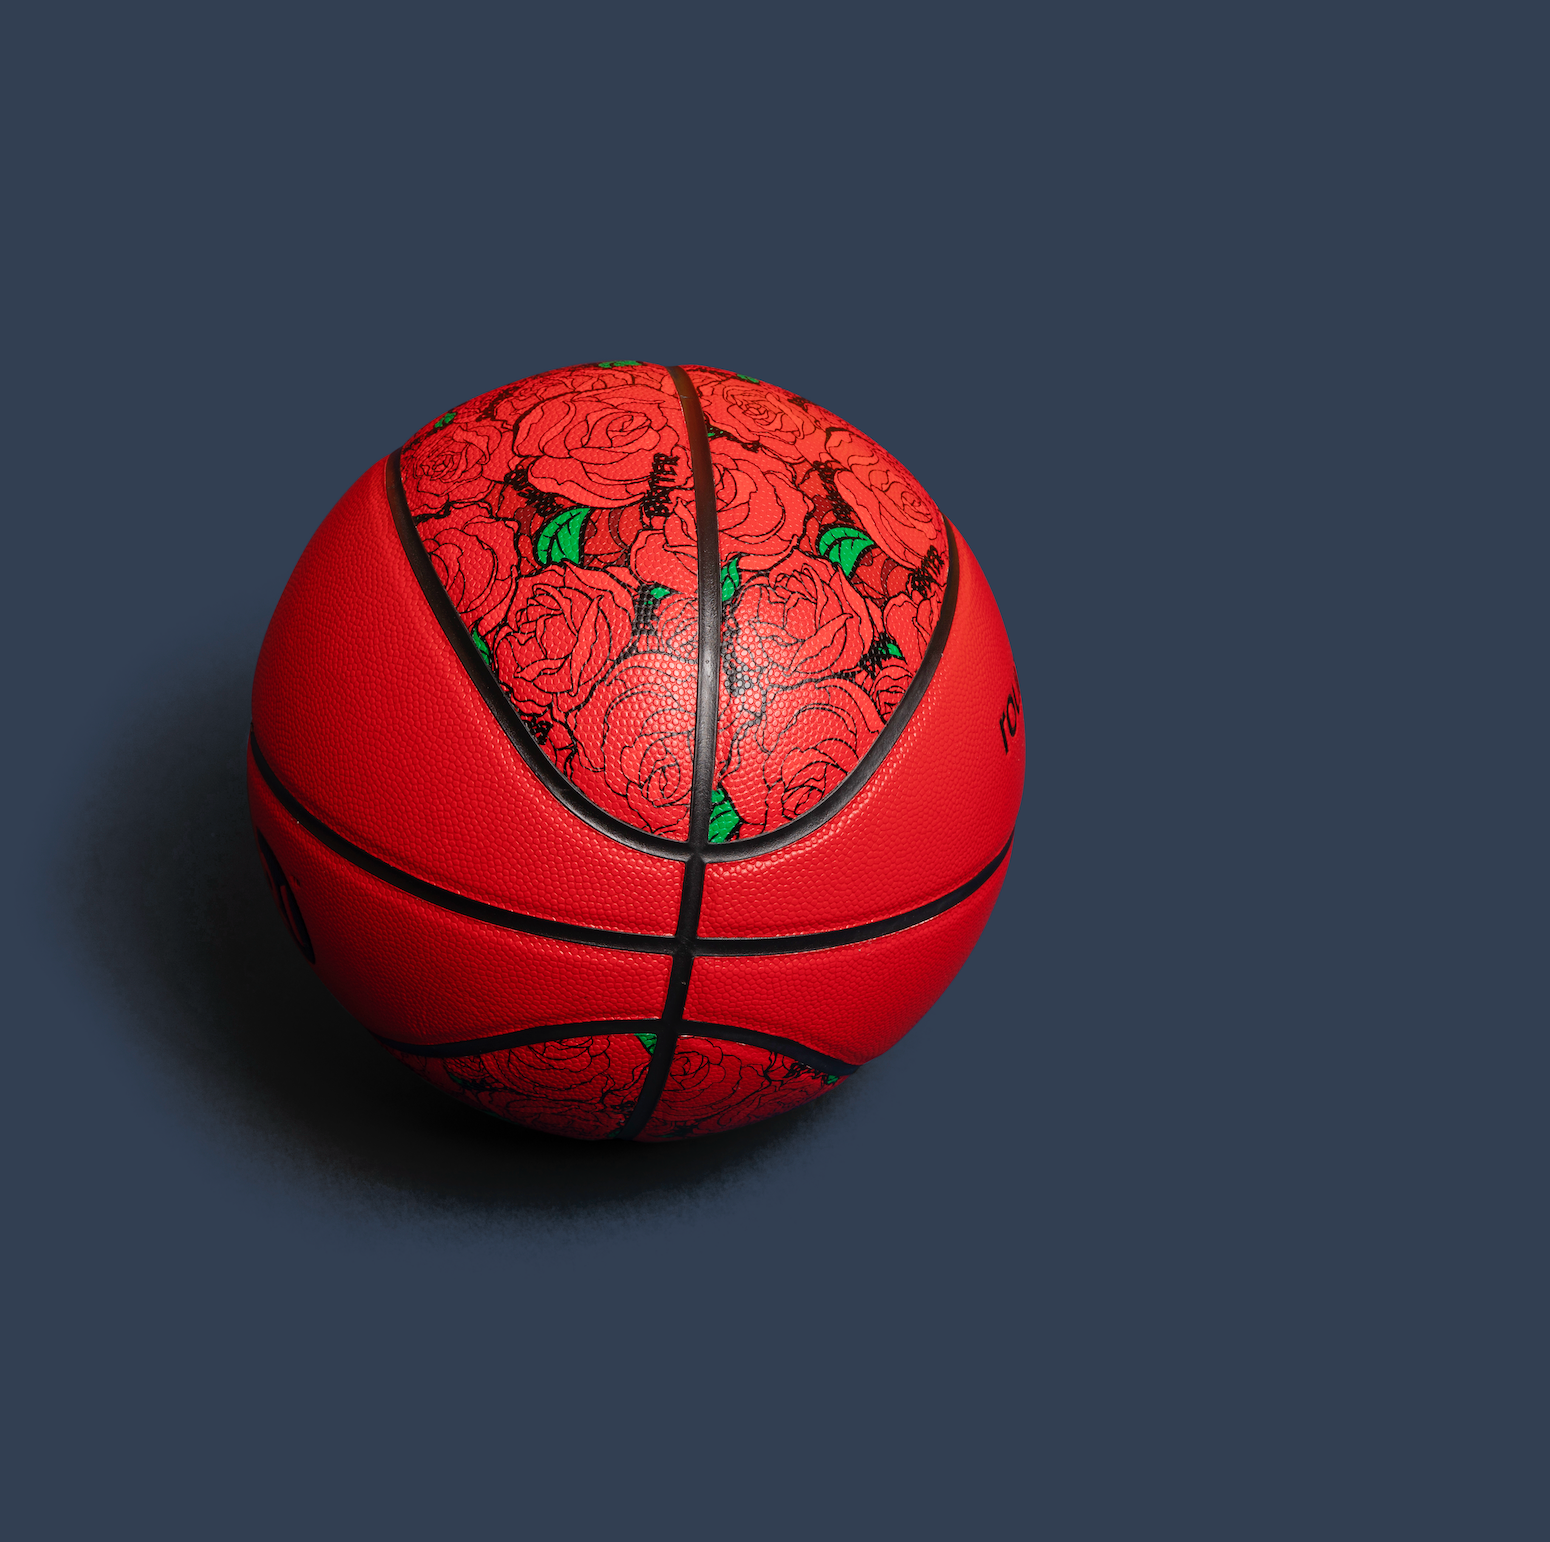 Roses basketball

--

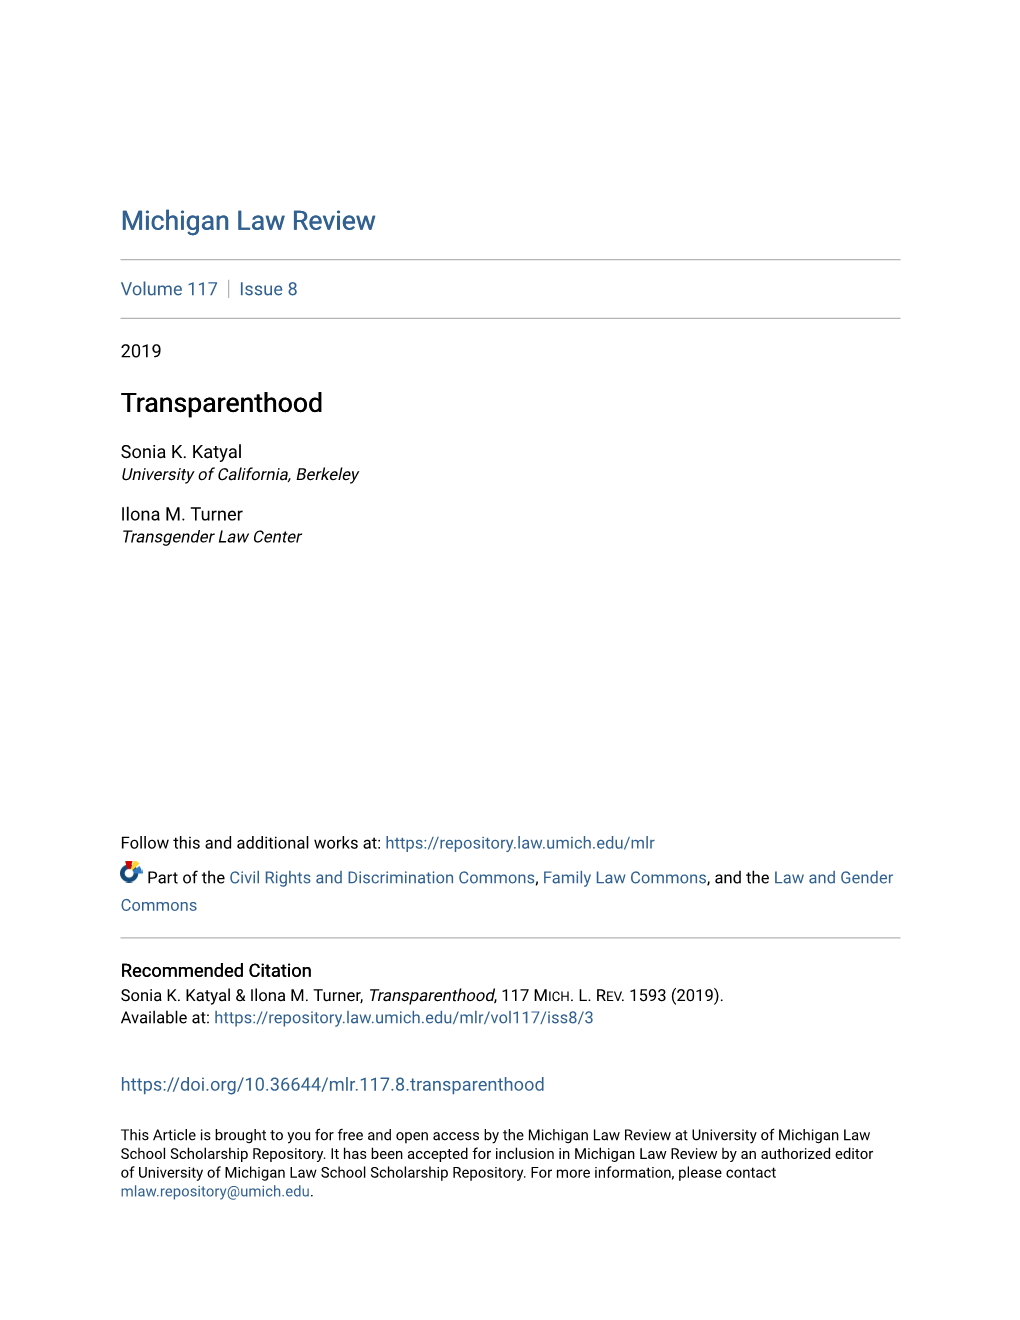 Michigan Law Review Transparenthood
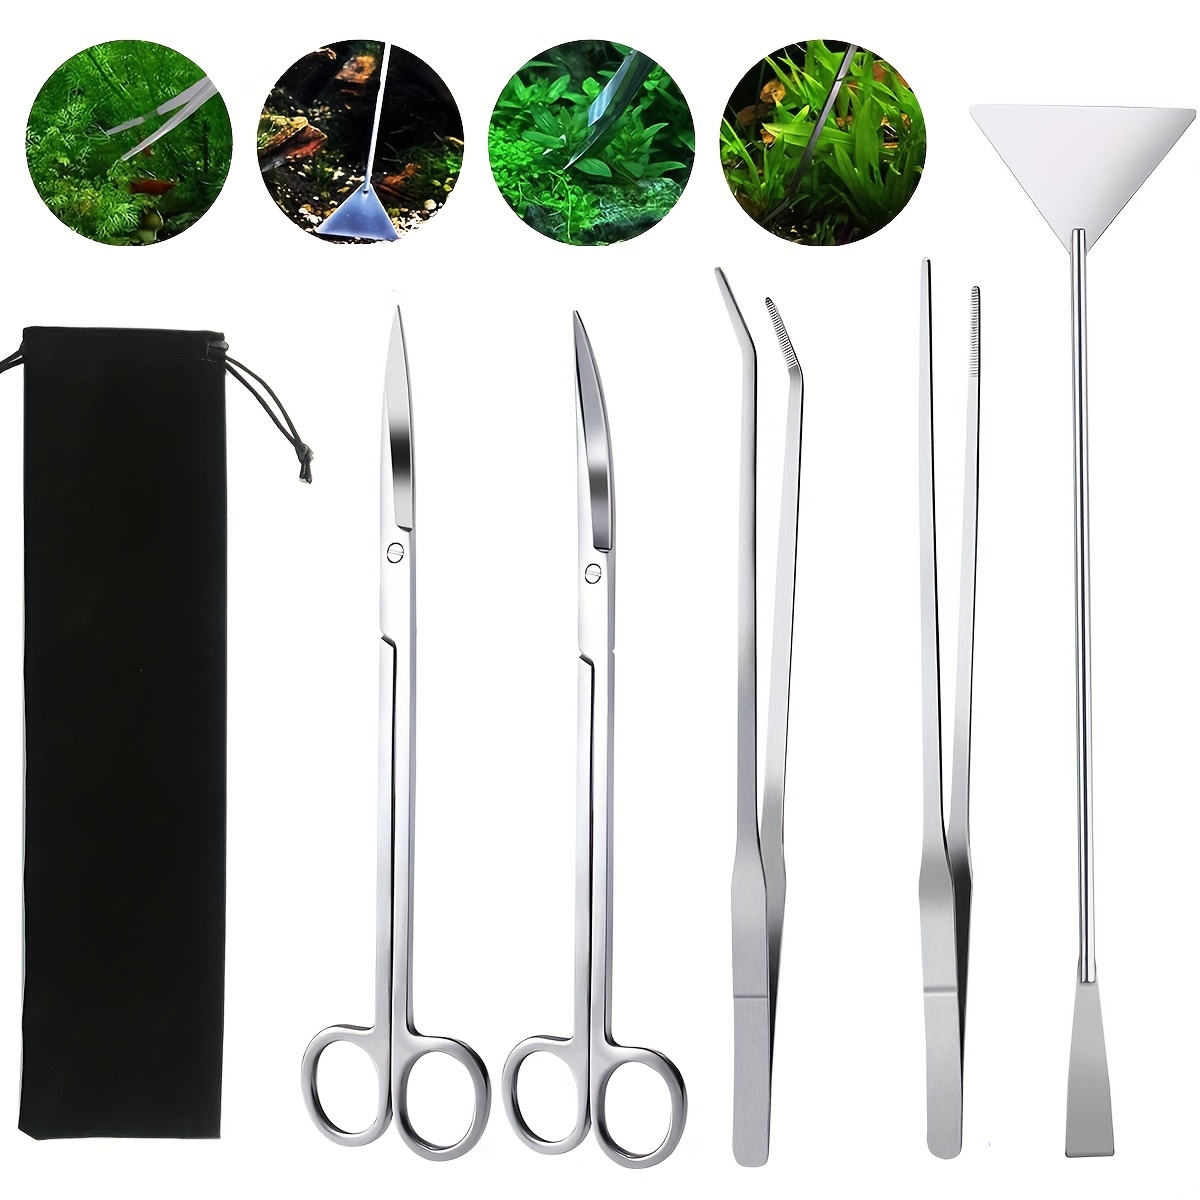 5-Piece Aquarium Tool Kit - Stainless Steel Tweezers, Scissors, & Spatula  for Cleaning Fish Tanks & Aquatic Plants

:: WHAT YOU WILL DO ::
Set down again, exactly, every line above from the one with "Michigan Law Review Transparenthood" down to the one with "5-Piece Aquarium Tool", both ends included. No pictures, and nothing else.

:: SOLUTION TO THIS PROBLEM ::
 Michigan Law Review Transparenthood
 5-Piece Aquarium Tool Kit - Stainless Steel Tweezers, Scissors, & Spatula  for Cleaning Fish Tanks & Aquatic Plants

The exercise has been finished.